Generic versus branded: court rules on drug substitution legislation
A recent Maritime and Commercial High Court decision has exposed a potential incompatibility between Danish patent legislation and a medicinal substitution act which was implemented to minimise the costs of medicine for consumers and the government.
The medicinal substitution act, which is administered by pharmacies in Denmark, states that if a doctor prescribes a certain medicine with an active substance the pharmacy is legally bound to offer the consumer the most inexpensive comparable medicine with the same active substance. This means that if there are generic drugs on the market with the equivalent active substance, the pharmacist must offer the consumer the cheapest one.
However, a recent case brought by a branded drug manufacturer has highlighted an apparent flaw in the legislation, resulting in pharmacists being forced by law to infringe valid Danish patent protection.
The branded drug manufacturer had patented an active substance used to treat specific conditions, but the patent protection for that active substance had lapsed. As a result, a generic drug manufacturer began to produce a generic drug with the same active substance and received a marketing authorisation for the generic drug used to treat the specific condition.
In the meantime, the branded drug manufacturer had obtained valid patent protection in Europe and Denmark for a second medical use for the active substance to treat a further condition, where the patent defined the protection using a 'Swiss-type' claim and the patent rights thus extended beyond the lifetime of the original patent. Such protection is both valid and allowable in Denmark, and therefore the patent's validity has not been challenged before the Danish courts.
The Danish drug substitution legislation states that the substitution principle is based on the active ingredient of the generic drug, thus forcing Danish pharmacists to offer the consumer the generic drug if a doctor has prescribed the original drug for the treatment of the additional condition.
Both the generic drug manufacturer and the branded drug manufacturer were aware of this flaw in the legislation, and notified the Danish Health and Medicines Authority and the pharmacists that substitution of the original drug with the generic drug for the additional condition would infringe the second medical use patent.
However, the Danish Health and Medicines Authority could not suspend the application of the act. This meant that even if all of the parties were aware of possible patent infringement, there was no way to prevent the substitution of the branded drug with the generic drug.
Therefore, the branded drug manufacturer was forced to file a petition for preliminary injunction against all Danish pharmacies in order to try to prevent the generic drug being used as a substitute when a doctor prescribed the branded drug for the treatment of the additional condition.
The Maritime and Commercial High Court awarded the branded company a preliminary injunction against Danish pharmacies as it was clear that the substitution of the branded drug with the generic drug for the additional treatment infringed a valid patent.
However, the court cleared the generic drug manufacturer of any wrongdoing as it had undertaken all actions possible to try to prevent substitution of the branded drug for the additional condition. Further, Danish legislation provides that a government agency cannot be liable for patent infringement, and therefore the Danish Health and Medicines Authority could not be party in the proceedings.
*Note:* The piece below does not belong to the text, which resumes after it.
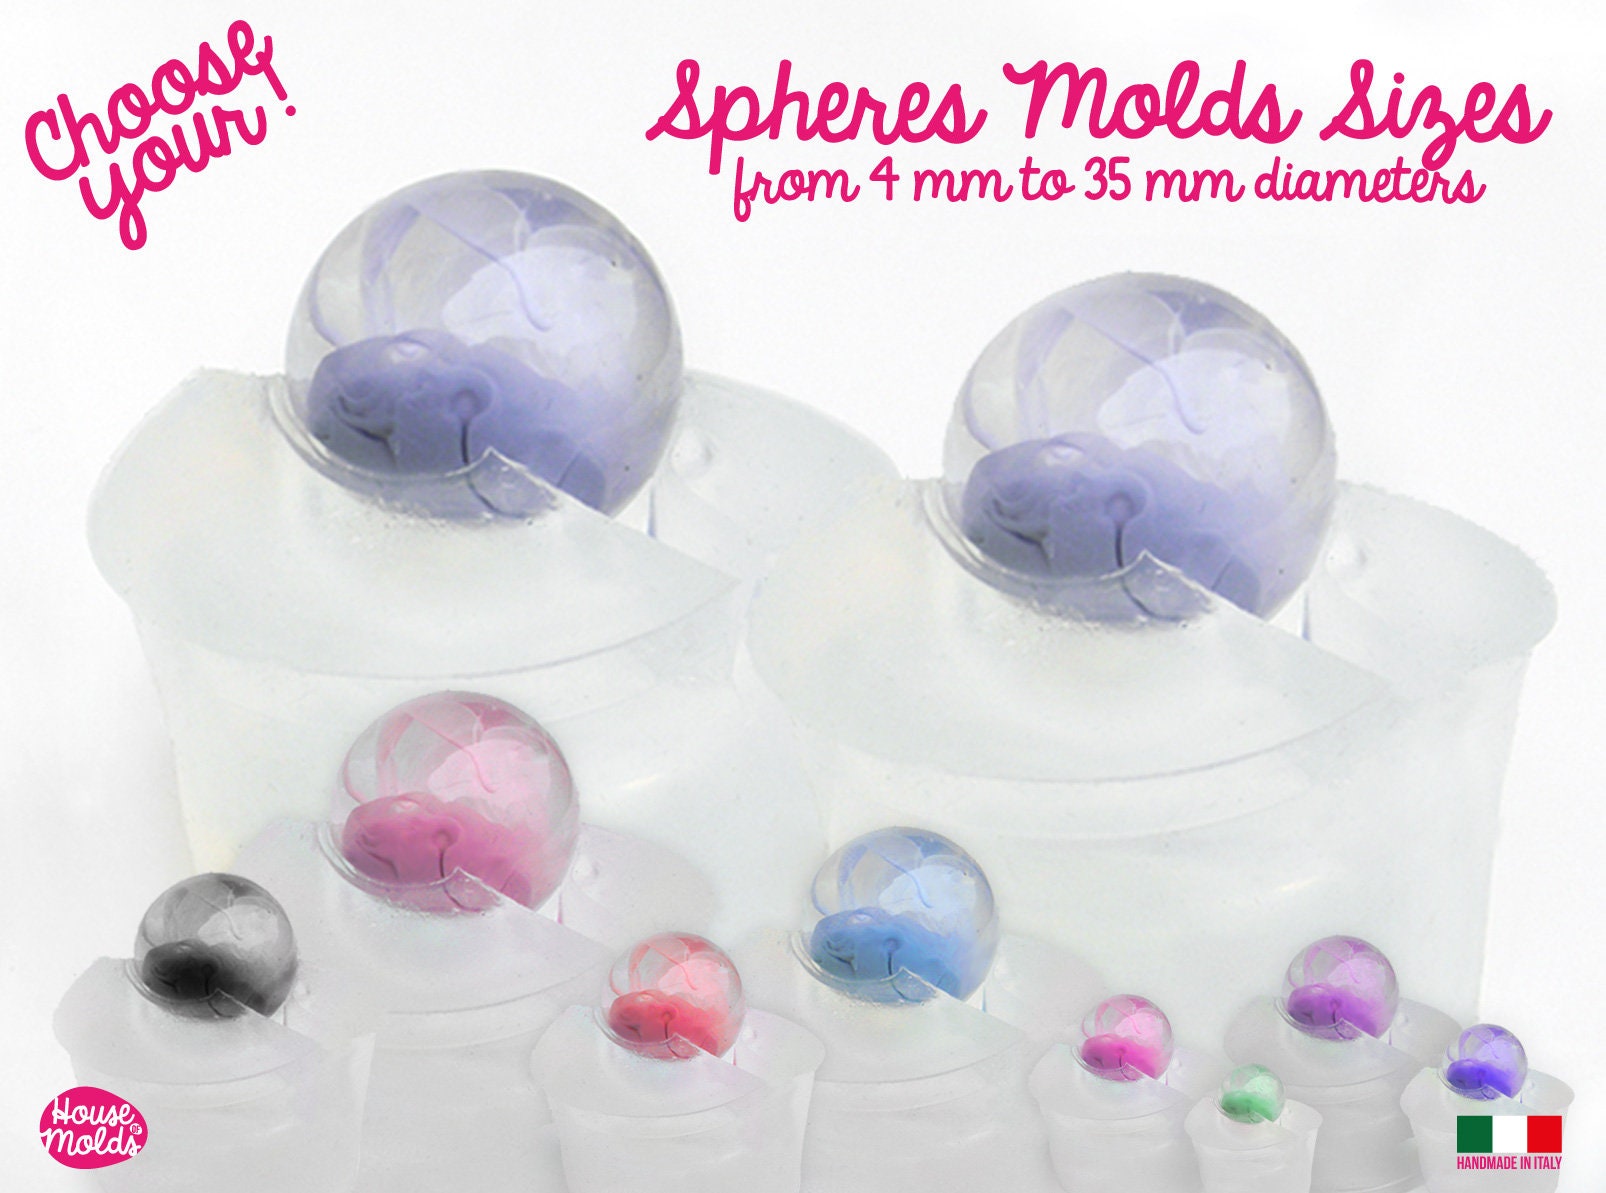 2 Flexible Clear Silicone Molds to Make Smooth Shiny Spheres from 4 Mm to  34 Mm Diameters-choose Your Sphere Size

However, as the pharmacists were forced by law to substitute the branded drug with a generic drug, they were the only parties in the chain that could prevent infringement from taking place.
As an aside, the court commented on the incompatibility of the medical substitution legislation and the patent legislation, but stated that it was not competent to comment on whether the medicine substitution legislation was contrary to the Danish Patent Act. The court opined that this question had to be answered in separate proceedings raised by the branded drug manufacturer against the Danish government.